ZekeAranyLucas/material-takehome

Repository files navigation

Material Security Take-home Interview: In-Memory Filesystem

Overview

Prompt

Build an in-memory filesystem! This is a simplified file system that supports both files and directories. You don’t have to work with any actual files, everything will just be contained in-memory.

Write functions that correspond to familiar file system commands. We only care about the capabilities, so you may choose to combine multiple capabilities into one function, or even split up one capability amongst multiple functions (up to you). You can leave comments and TODOs if there are ideas or issues you want to discuss or point out, but don’t have time to implement/fix, or aren’t quite sure how.

Proposal

Build the project using Codespaces and Java to optimize for accessibility by reviewers. Since we are using Java, integrating with NIO's FileSystemProvider will give our clients the richest possible implementation. It will also enable using Java's Files API and transparently interop with other integrated stores, including the OS default file system. See Decision Records for details.

Results

Implementation based on FileSystemProvider has proven to be a success and a lot of fun!

Once all of the functional requirements were met, many of the extension capabilities were also usable, or added by simple incremental changes (eg, streams, paths, tree walks, move, and copy).
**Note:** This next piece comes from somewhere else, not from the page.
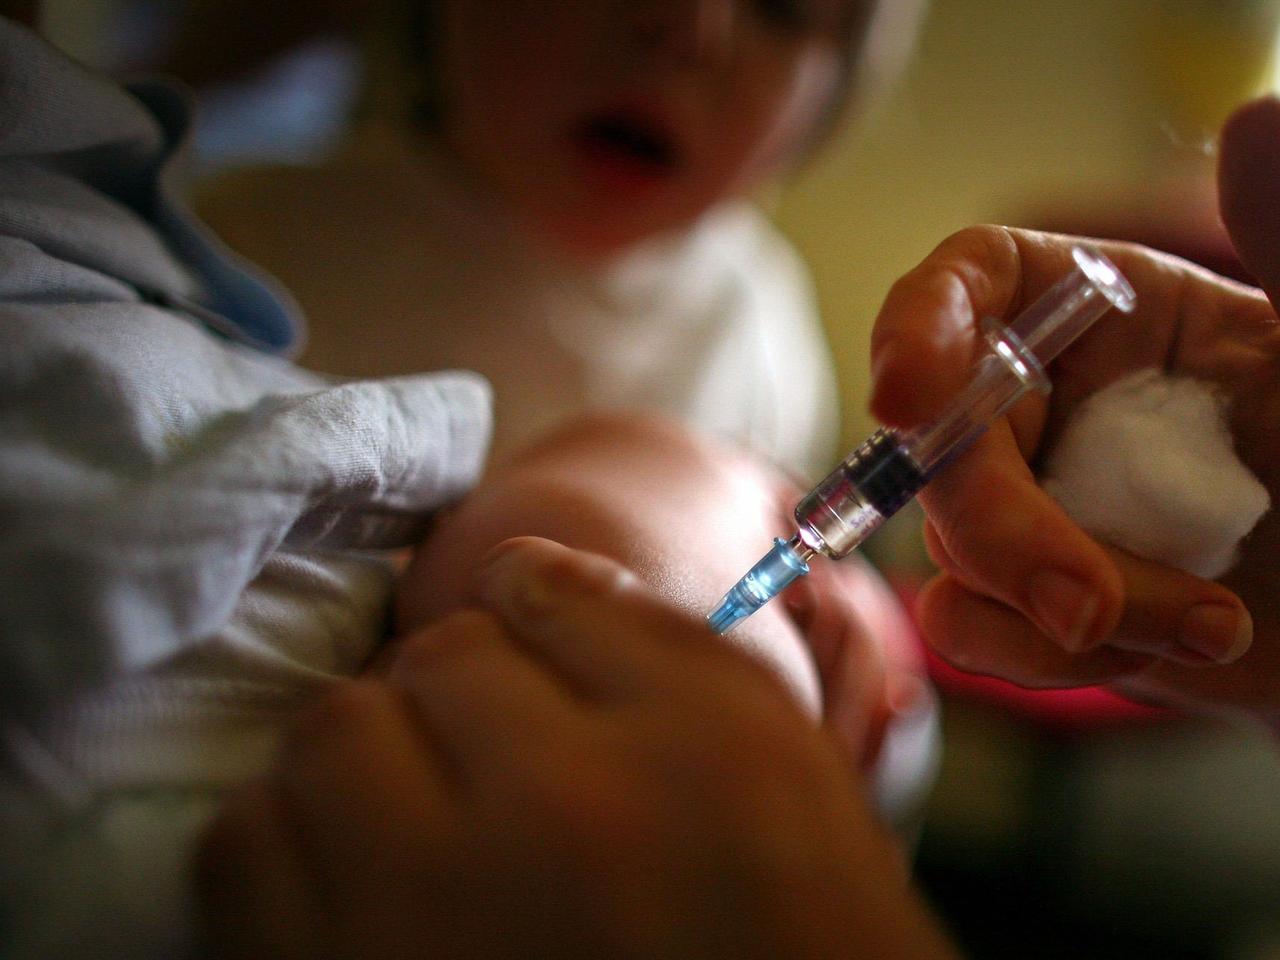 パンデミックで予防接種に空白が生じている。
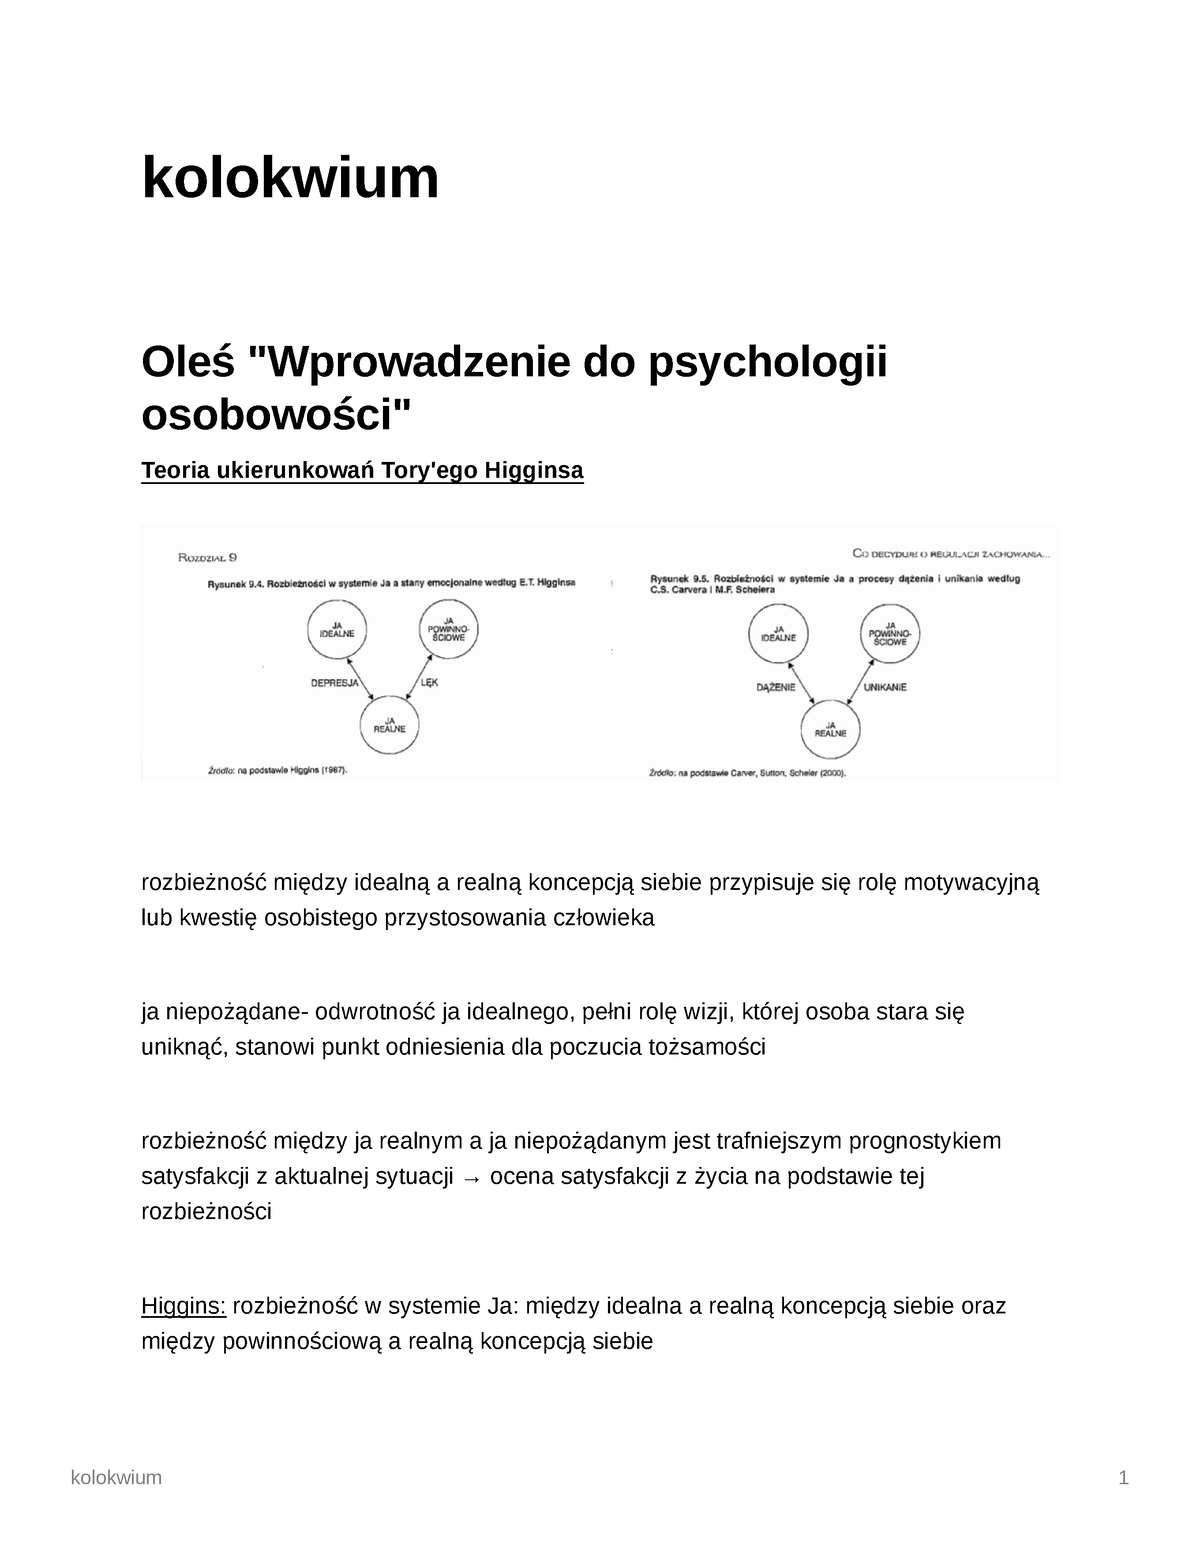 psychologia-ja-i-tozsamosc-notatki-kolokwium-ole-wprowadzenie-do

And some features come almost for free, like importing files from the OS.

Verifying the requirements

  1. Try Out Codespaces: Java

    • Follow these steps to open this repo in Codespaces:
    • Click the Code drop-down menu.
    • Click on the Codespaces tab.
    • Click Create Codespace on main.
    • For more info, check out the GitHub documentation.
    • Or just treat it like a Java repo.
  2. Run the Tests:

    • The core functional scenarios are covered in ImfsContextTest.
    • Open the file and use the right-click Run Test options.
    • Add a breakpoint.
    • Click the Debug Test in the Code Lens above the function and watch it hit any breakpoints.
    • Once the breakpoint is hit, try hovering over variables, examining locals, and more.
  3. Explore the code:

Requirements

Copied from the PDF.

Structural parameters

  • Choose a language of your choice (excluding bash, Haskell, or scala).
    • >> Java selected.
  • Feel free to use small libraries where appropriate instead of reinventing the wheel.
    • >> Added Lombok for immutable POJOs.
  • Feel free to look things up or use other reference material as you would when working normally.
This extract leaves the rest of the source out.